Ah, je ris de me voir si belle en ce bouclard...
Chaque blog donne une image assez précise de son auteur.
Mais l'image est-elle vraiment fidèle ou idéalisée ?
Mettre en scène et en mots sa propre existence, c'est formidable ! On la maîtrise totalement, on la contrôle. On peut même organiser sa propre mort et disparaître du jour au lendemain, sans explications. On est maître de sa destinée.
Deus ex machina.
N'est-on pas tenté de créer pour régner sur notre propre histoire virtuelle un autre qui certes nous ressemble, mais en plus héroïque, en gommant un peu les imperfections, en gonflant un peu le CV ?
Juste histoire de plaire aux autres, qui nous regardent derrière l'écran.
Les commentateurs sont à 99% sympathiques et consensuels en diable. Combien de «Oh oui, tu as raison... je pense pile poil la même chose... c'est absolument génial ce que tu écris... Nan, j'étais mode en kif... »
Ca vous polit le miroir et l'ego, non ?
Ah que l'on rit de se voir si belle (beau) !
Tu m'étonnes que beaucoup deviennent accros à cette avalanche de pommade quotidienne.
On finirait par croire qu'on le vaut bien.
Toute voix dissonante est immédiatement considérée comme inélégante, infréquentable. Même si elle avance une vérité toute nue.
Aucun os dans la pommade, please. Tout doit être lisse, nous sommes tous des êtres fabuleux, gentils et éminemment sociaux.
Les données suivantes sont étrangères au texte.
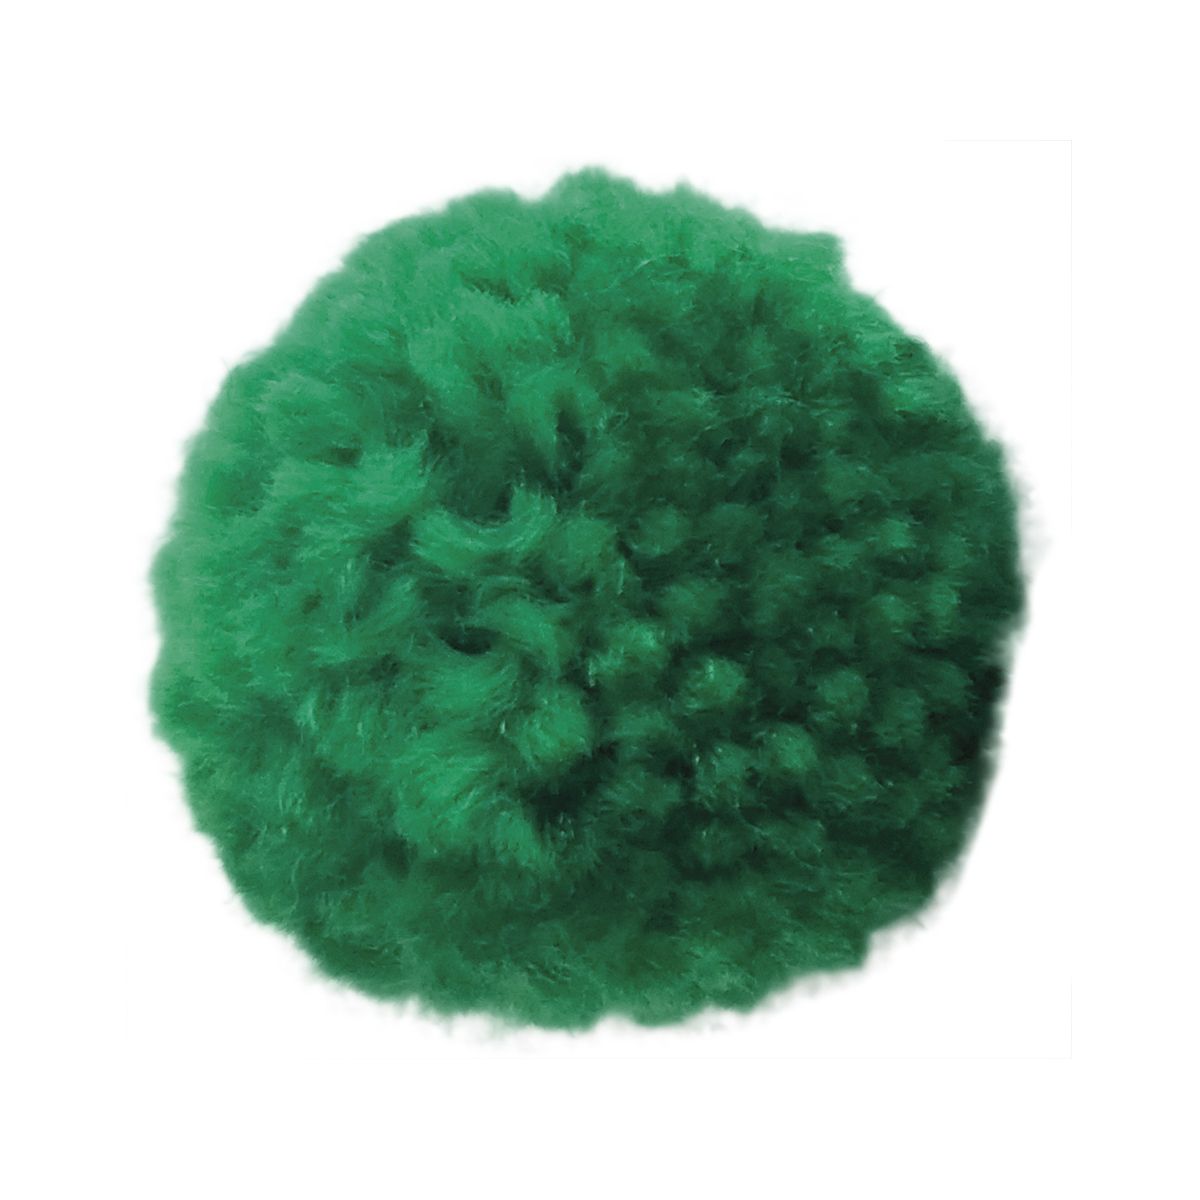 Pompony Titanum Craft-Fun Series zielone 6 szt

En gros on a le droit de dire du bien, jamais du mal.
Vive la Blogsphère Bisounours.
A bas la polémique, adios le débat, quand il n'est pas compassé, impersonnel et purement intellectuel.
Je ne dis pas que tout échange se doit de virer au pugilat, personnellement, c'est la rigolade qui m'intéresse. Mais l'auto-censure, dans les posts comme les coms, me navre.
Je fais bien sûr allusion au mot de Macaron déplorant tout cru l'indélicatesse manifeste de l'un de ses visiteurs.
Eut-il été étranger au petit monde Blogo, tout un chacun se serait empressé de compatir et congratuler farouchement : « Tu as bien fait... comme je te comprends... il m'est arrivé la même chose... non mais je te jure... ». Mais non, quelle audace, la victime sanguinolente de cette violente diatribe fait partie du cercle.
Voici donc Mac mis au ban de la bonne société virtuelle, les noix du Vaticole s'égosillent, les gardiens de la convenance constipée ont les sphincters qui lâchent.
Mac est mis à la marge.
Quand on voit la page, on lui envie sa position, l'air qu'on y respire est bien moins confiné.